I later asked Rickey directly if he thought that in 1946 a mob of night riders in Sanford, Florida, Celery City, USA, might have lynched Jackie and Rachel Robinson. Rickey took in the question carefully and paused before he responded. “From reports that reached me,” he said, slowly, “that was not entirely beyond the realm of possibility.”
Although Daytona Beach was relatively safe, Robinson’s problems with violent Floridians persisted. When the Royals traveled 20 miles to DeLand for a game against Indianapolis, Robinson singled in the first inning, stole second and slid home on another single. As he was dusting himself off, a local policeman burst onto the playing field and said, “Get off the field right now, or I’m putting you in jail.”
Robinson told me his first reaction was to laugh. “Ridiculous,” he said. “I thought the cop was just ridiculous.” But the crowd in the
stands rose to its feet.
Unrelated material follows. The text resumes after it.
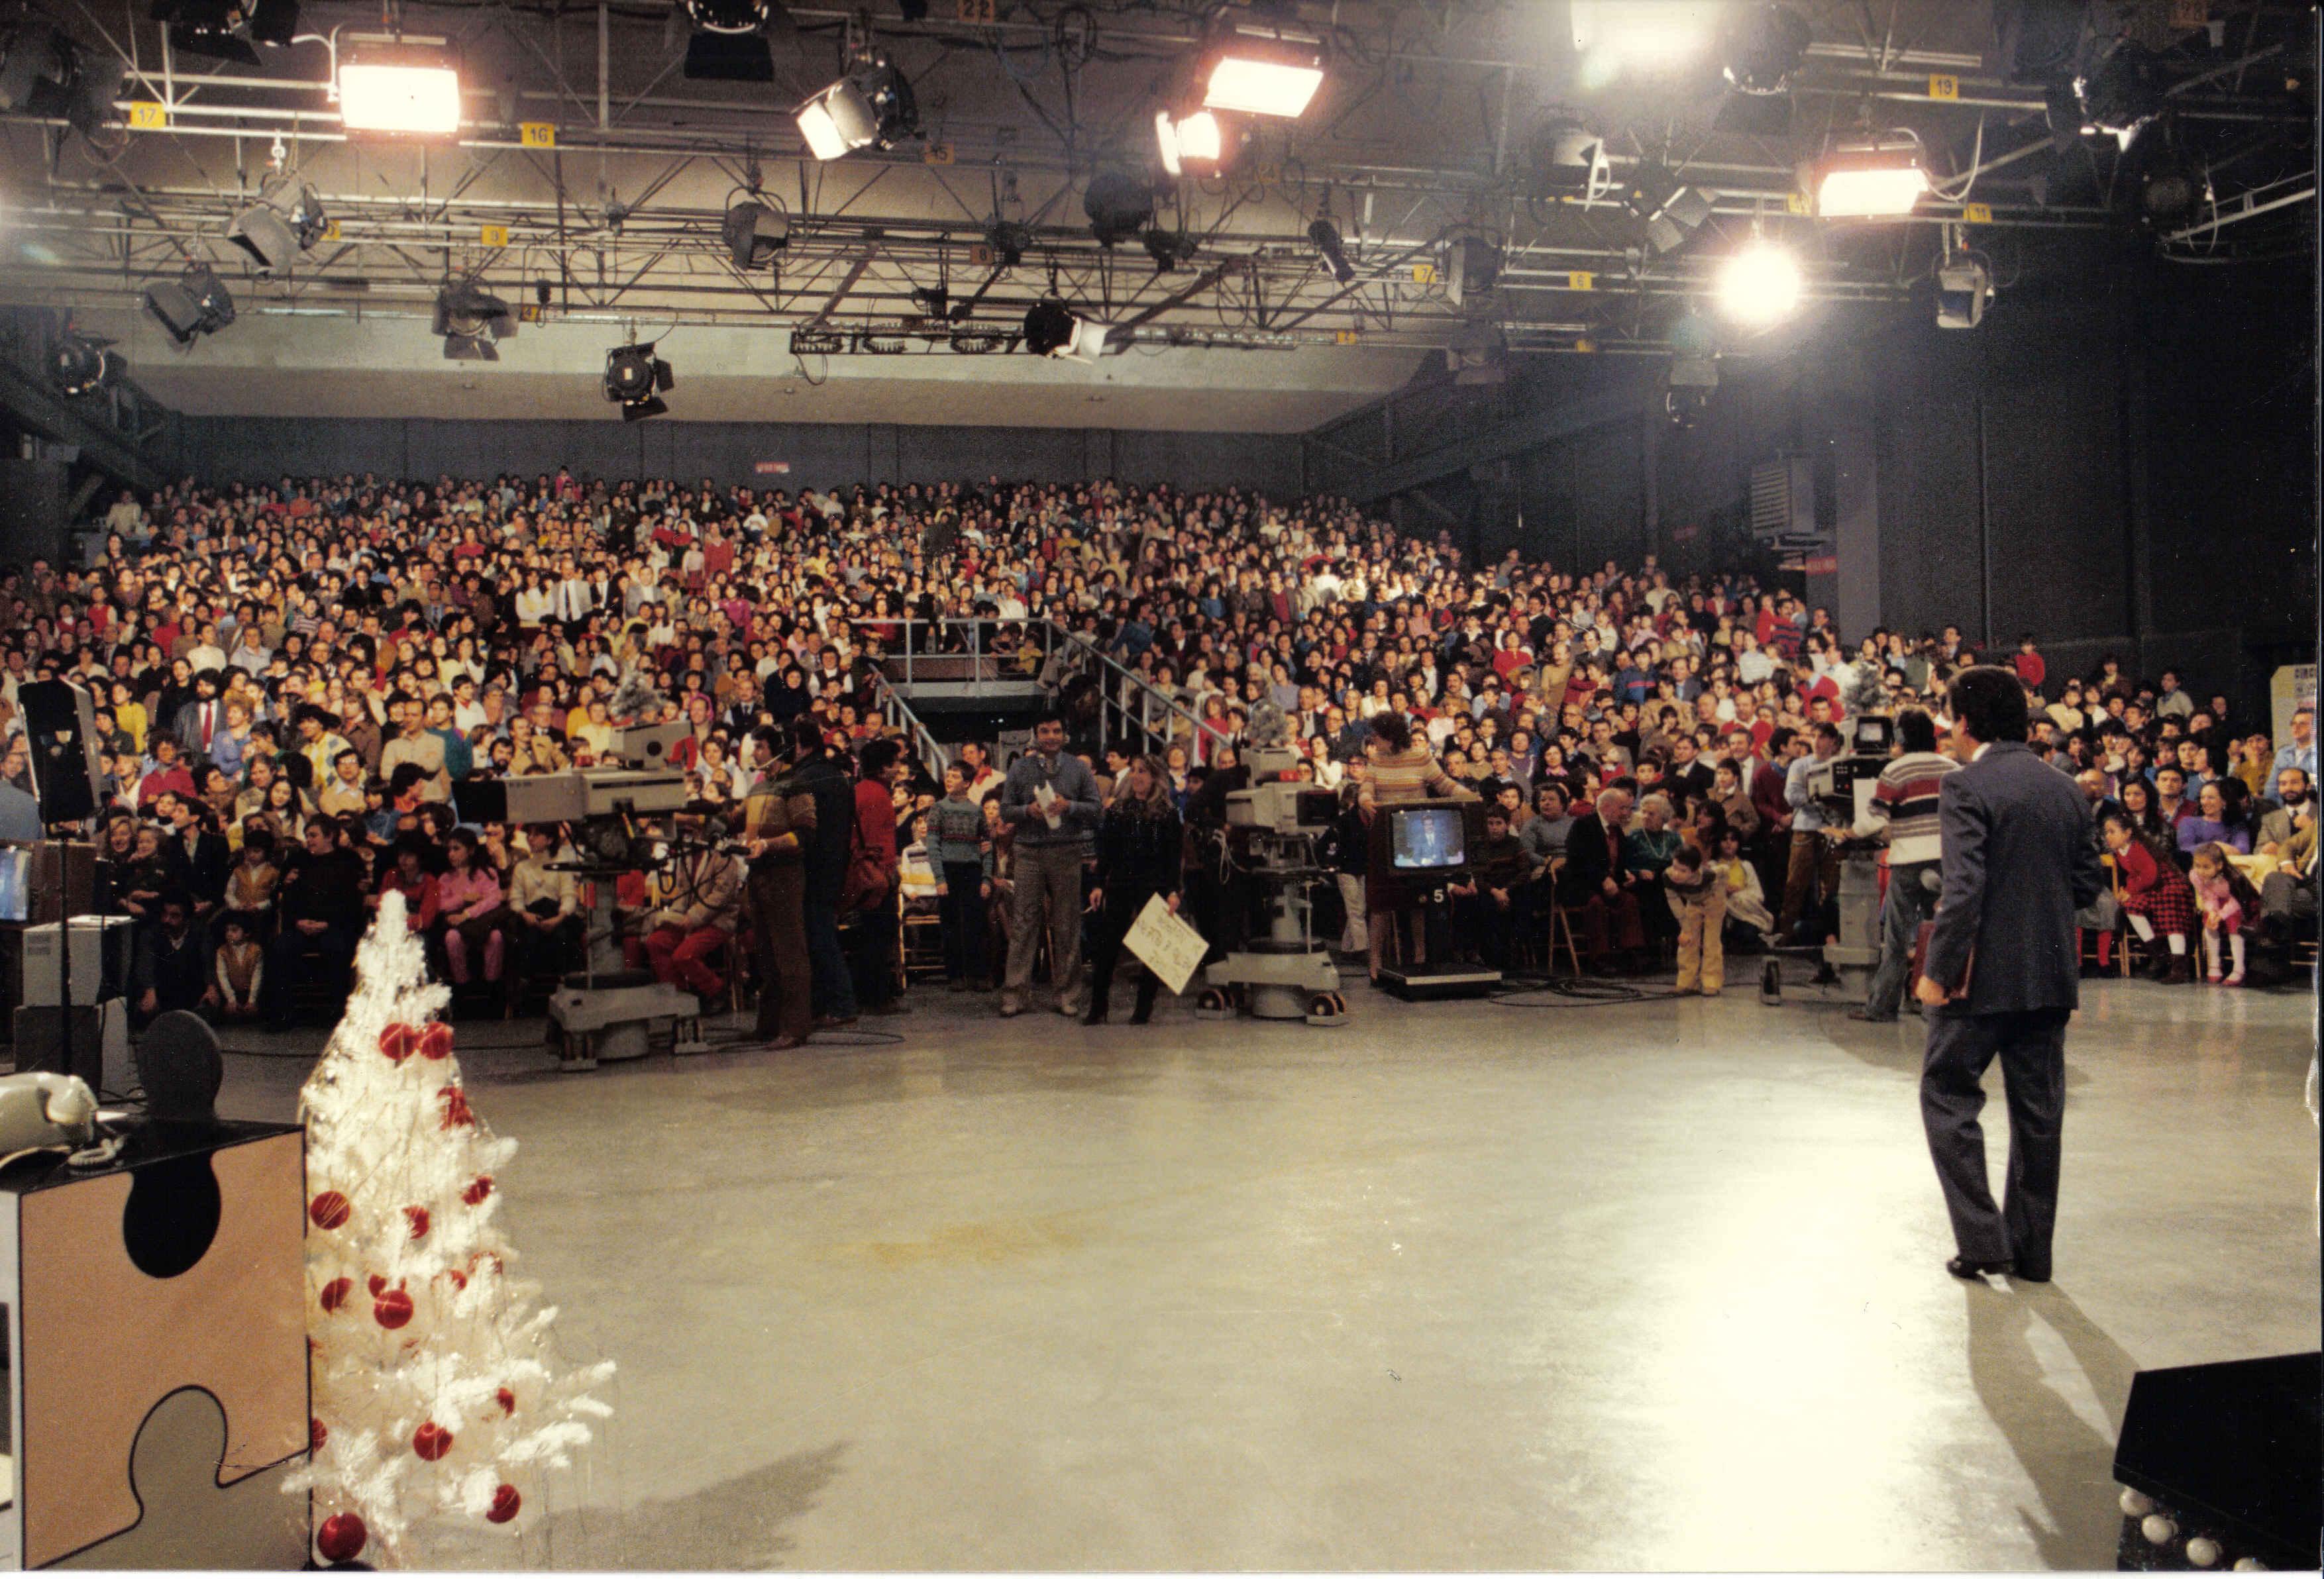 Antenna 3 Lombardia Pubblico del Bingoo - Tv libere. A Legnano (Mi) il 27/01/2018 la proiezione del docu-film sulla storia di Antenna 3 Lombardia

The Indianapolis players on the field stood stock-still. Clay Hopper, the Montreal manager, said to the policeman, “What’s wrong?”
The cop responded with a speech. “We ain’t having niggers mix with white boys in this town. You can’t change our way of livin’. Niggers and whites, they can’t sit together and they can’t play together and you know damn well they can’t get married together.”
Hopper had no answer.
“Tell your nigger to git,” the policeman said. He put one hand on his Colt .45. Robinson left silently. He spent the next few hours sitting alone on the team bus. DeLand city officials ordered the next Montreal–Indianapolis game canceled because “the ballpark lights are out of order.” The canceled game was scheduled for an afternoon.
♦ ♦ ♦ ♦ ♦
ROBERT CLAY HOPPER, A NATIVE of Porterville, Mississippi, a longtime successful minor-league manager, was undergoing a crisis of his own. When he heard Robinson had signed with Montreal he sought out Rickey. “Please don’t do this to me, Mr. Rickey,” Hopper said. “I’m a white man, been living in Mississippi all my life. I got a fine plantation there. If you do this to me, Mr. Rickey, you’re gonna force me to move out of Mississippi.”